Research priorities include identifying environmental, microbial, dietary and genetic contributors to the rising trend. If modifiable exposures are confirmed, public-health interventions (dietary guidance, regulation of processed foods, obesity reduction strategies) could reduce incidence. Equally important is access to timely diagnostic evaluation: disparities in care and insurance coverage can magnify delays, worsening outcomes for marginalized populations.

Comparison & data

Metric Value / Trend
Annual increase (ages 20–39) ~2% per year since mid-1990s
Lifetime risk (men) ~1 in 24
Lifetime risk (women) ~1 in 26
Projected younger-adult share by 2030 ~1 in 10 colon cancers; ~1 in 4 rectal cancers under 50
Screening age (ACS) Begin at 45 (current guideline)

These figures come from public-health and clinical sources tracking incidence and screening guidance. They show that while the majority of colorectal cancers still occur in older adults, the proportional rise among younger patients is large enough to change clinical practice and public messaging. The table simplifies complex trends; regional and demographic variation exists and is a focus of ongoing surveillance.

Reactions & quotes

Experts emphasize vigilance and screening. The clinician quoted below summarized the uncertainty around causes and the need for awareness:

“By 2030, cases in younger adults are expected to nearly double.”

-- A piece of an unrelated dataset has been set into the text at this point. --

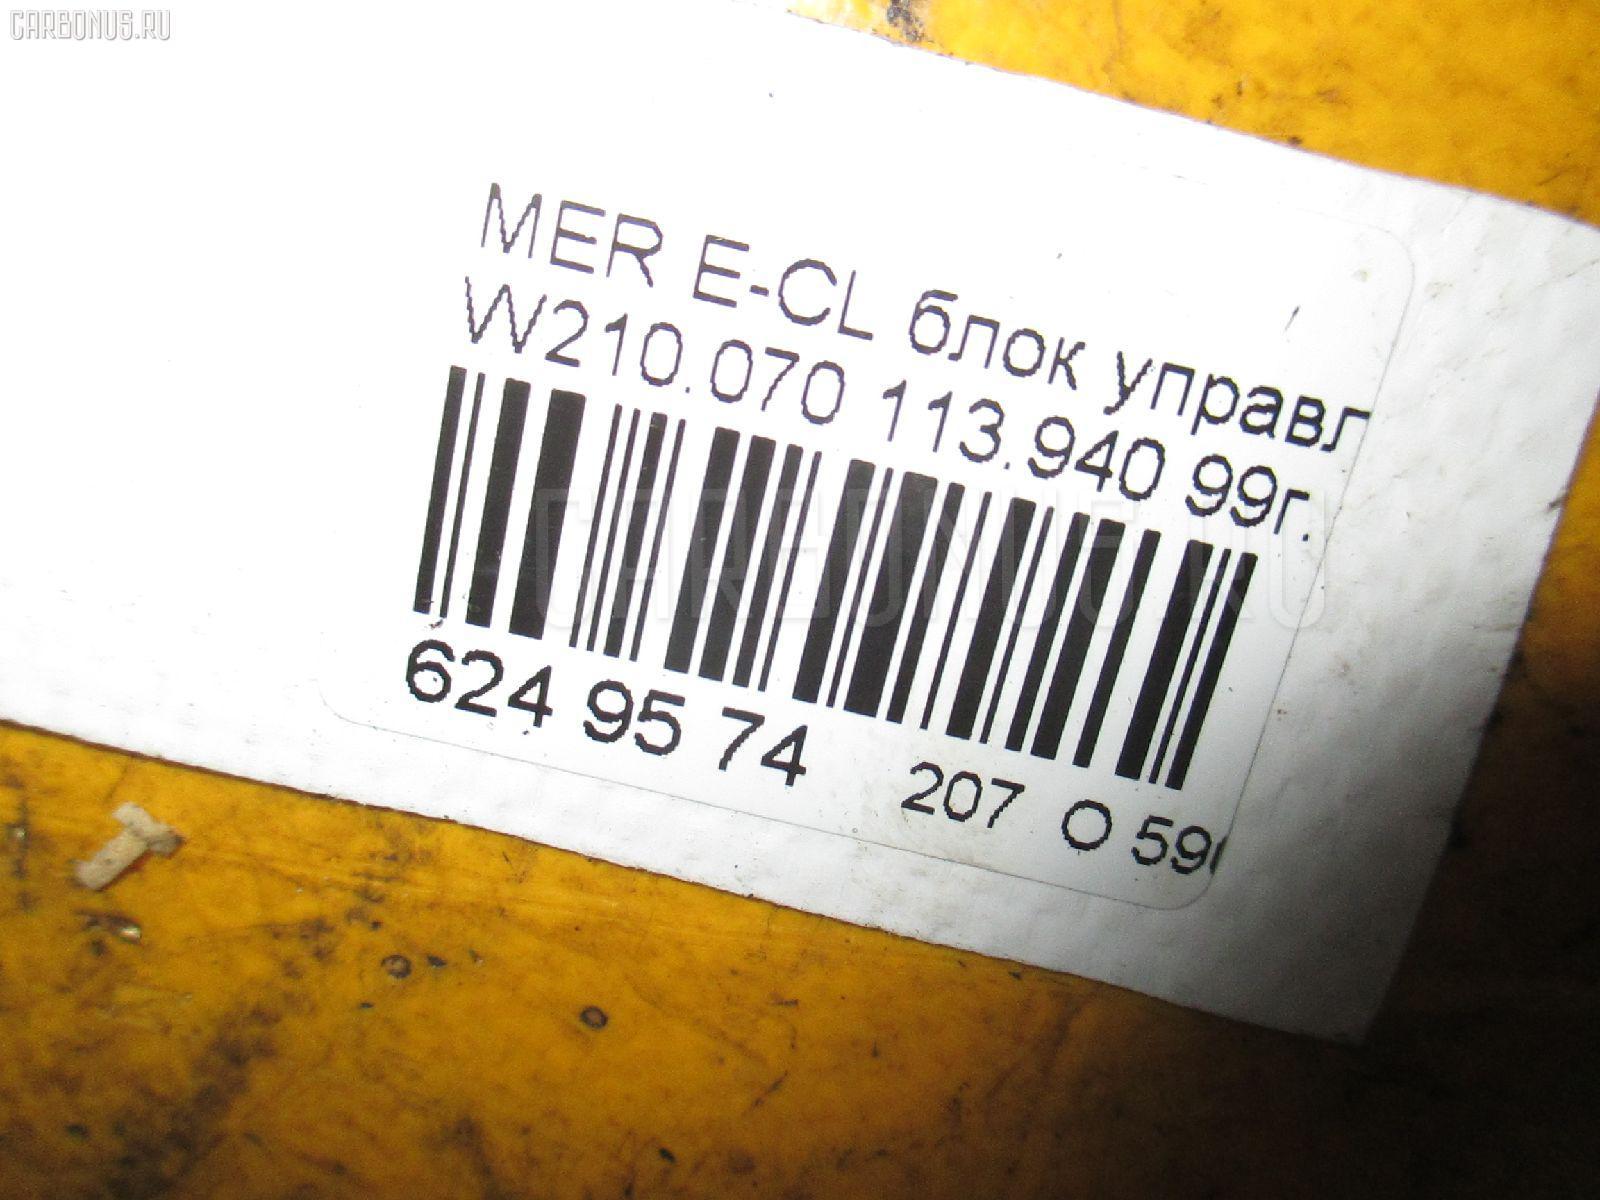 Блок управления вентилятором MERCEDES-BENZ E-CLASS W210.070 113.940 Фото 4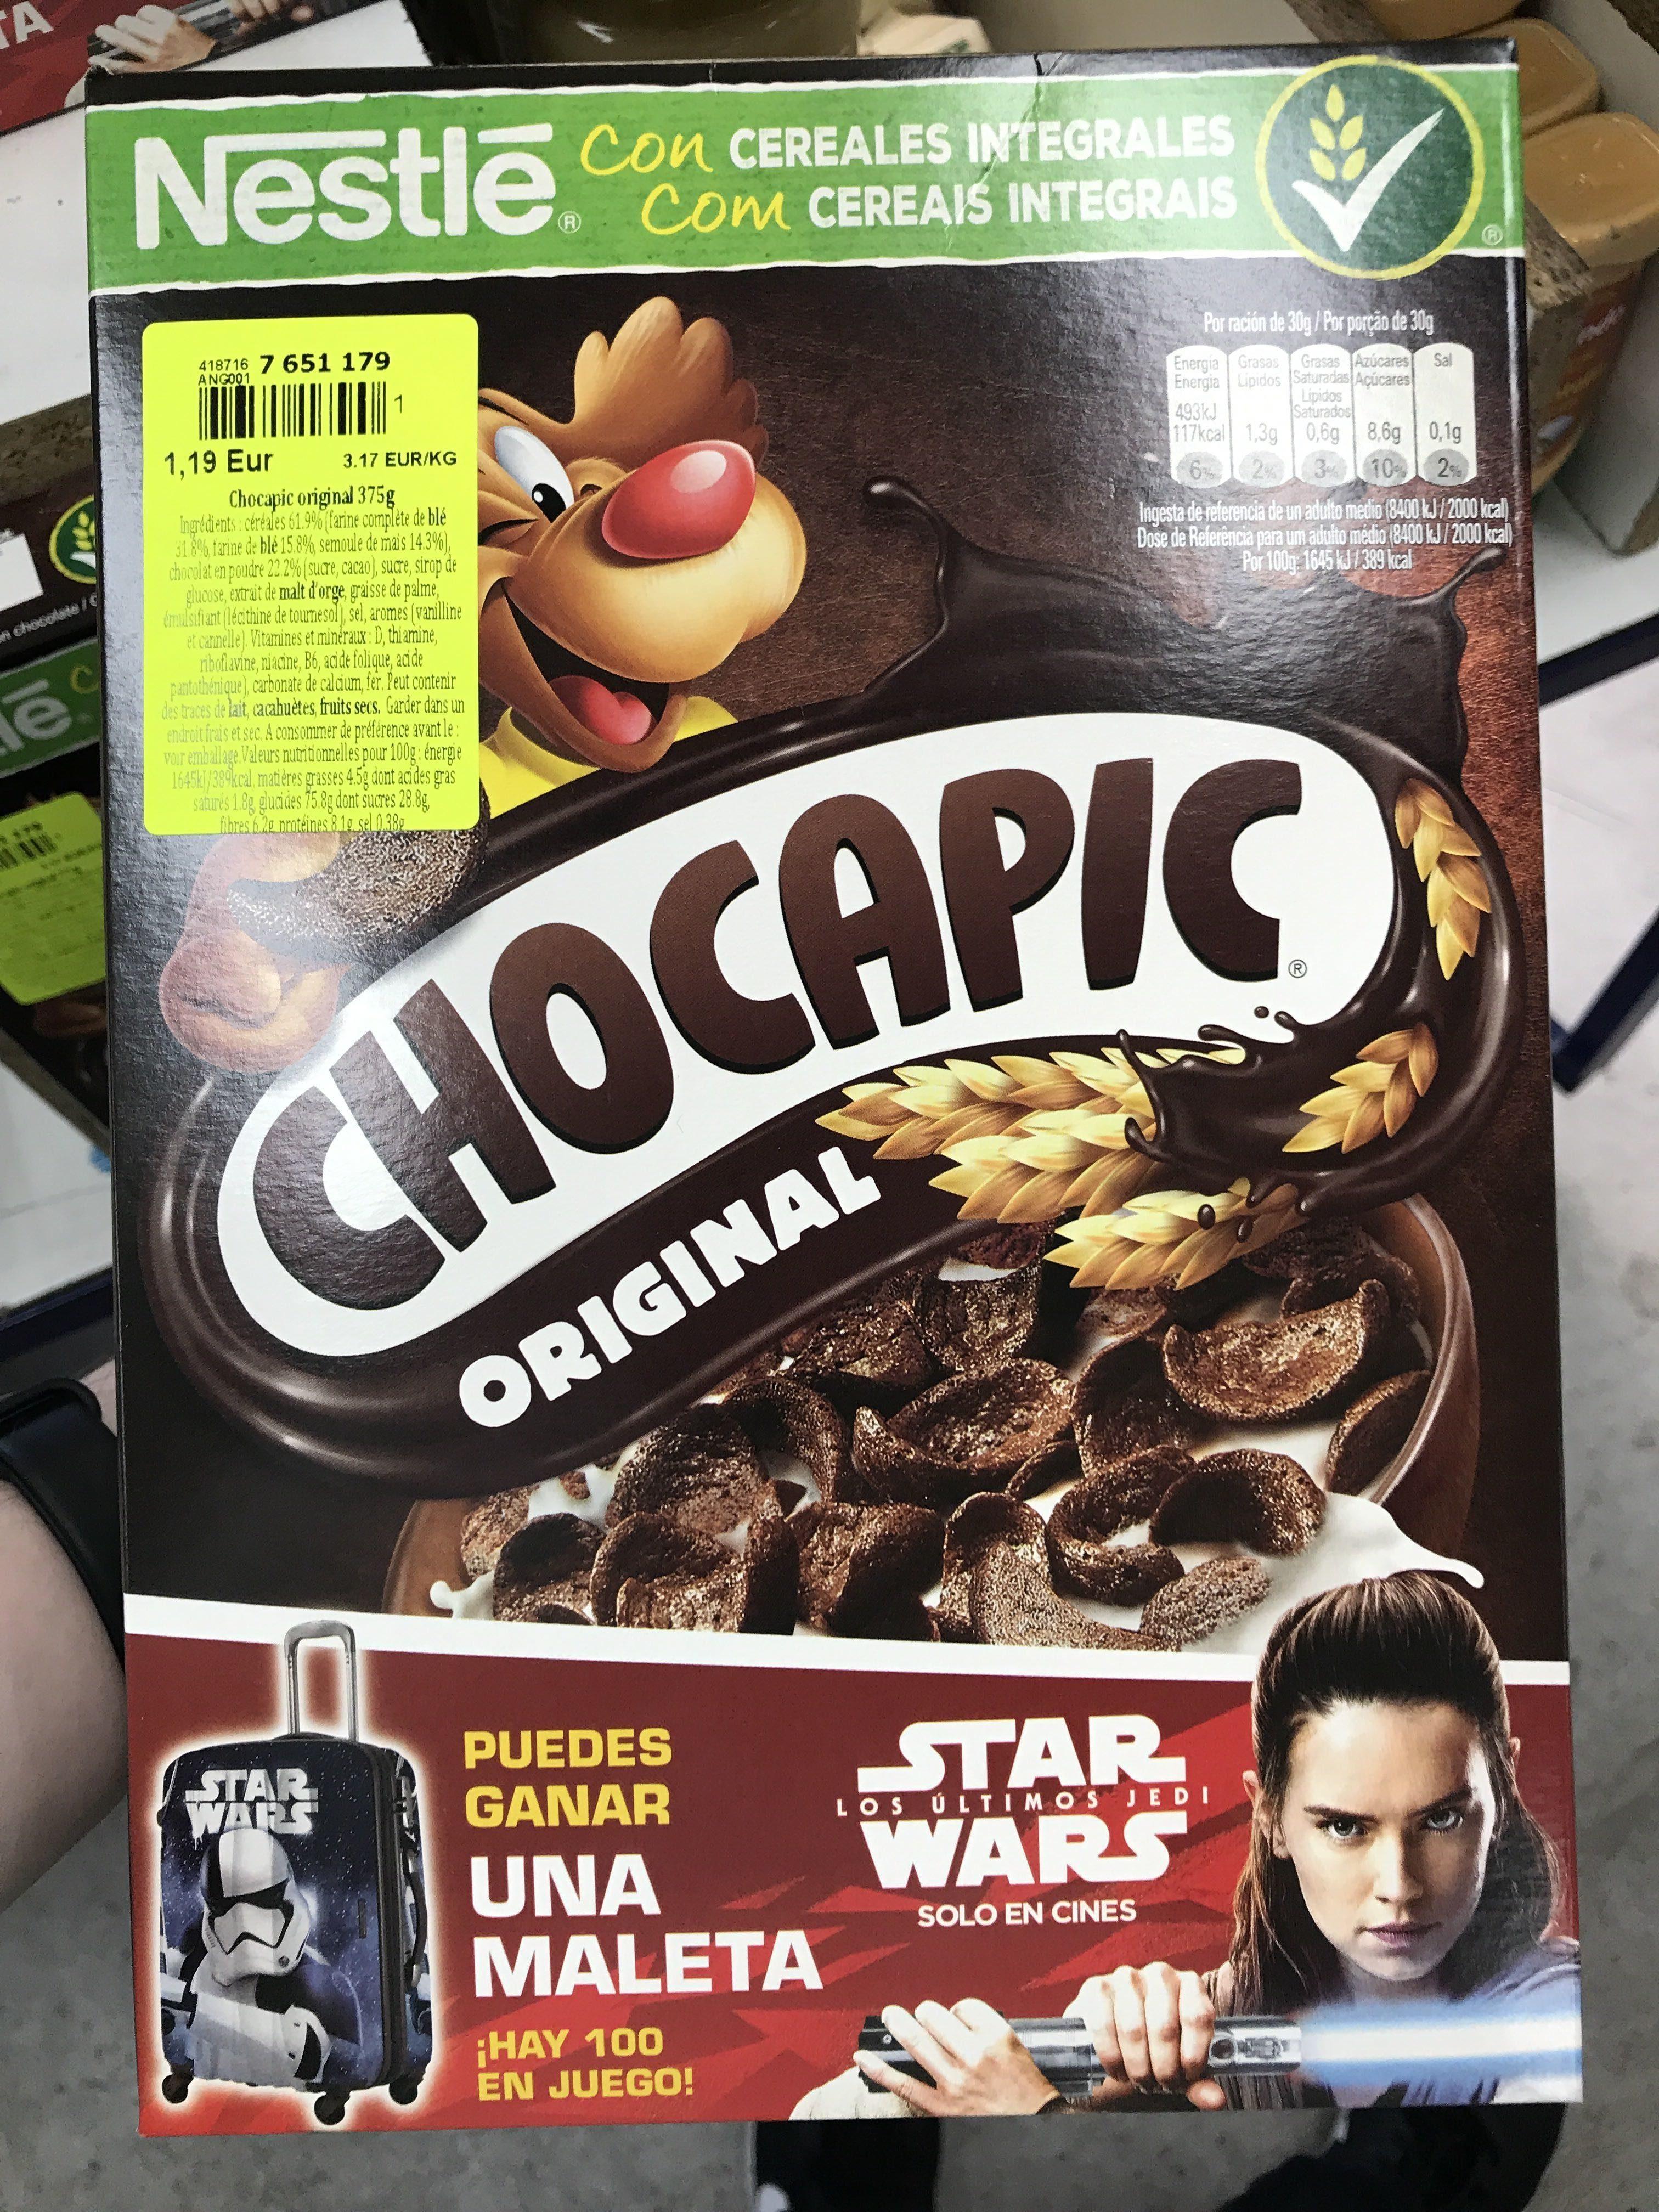 Chocapic Original - Producte

Avni Desai, MD — Memorial Sloan Kettering Cancer Center (clinical expert)

Family and fans responded to the news of Van Der Beek’s death with grief and calls for awareness; his initial public account of symptoms is now being referenced in awareness campaigns:

“It was just a change in bowel habits… I probably need to change my diet a little bit.”

James Van Der Beek — quoted to People (entertainment news)

Clinicians stress that these short statements are important because they reflect a common sequence: symptom notice, benign attribution, delayed medical review. That delay can shift a cancer from an early curable stage to a more advanced stage requiring intensive treatment.

Unconfirmed

  • The precise causes behind the increase in colorectal cancer among younger adults remain under investigation; links to diet, microbiome changes, and environmental exposures are hypotheses rather than proven causes.
  • Attributing individual cases—including whether coffee, dairy or a single dietary change contributed directly to either patient’s cancer—is not supported by current evidence.
  • The full timeline and medical details of Van Der Beek’s diagnosis and treatment beyond public statements have not been released publicly and remain private to his family and clinicians.

Bottom line

The shared lesson is clear: persistent changes in bowel habits are a valid reason to seek medical evaluation at any age. While most such changes are not cancer, the cost of dismissing progressive symptoms can be high. Early detection dramatically improves outcomes for colorectal cancer, and both public education and clinician suspicion must adapt to rising younger-onset cases.

If you notice ongoing diarrhea, constipation, pencil-thin stools, rectal bleeding, unexplained fatigue, or abdominal pain that lasts more than a few weeks despite simple diet changes, make an appointment and ask about stool testing or referral for colonoscopy. For policymakers and clinicians, the priority is better symptom-driven pathways, broader access to testing, and continued research to identify modifiable risks behind the trend.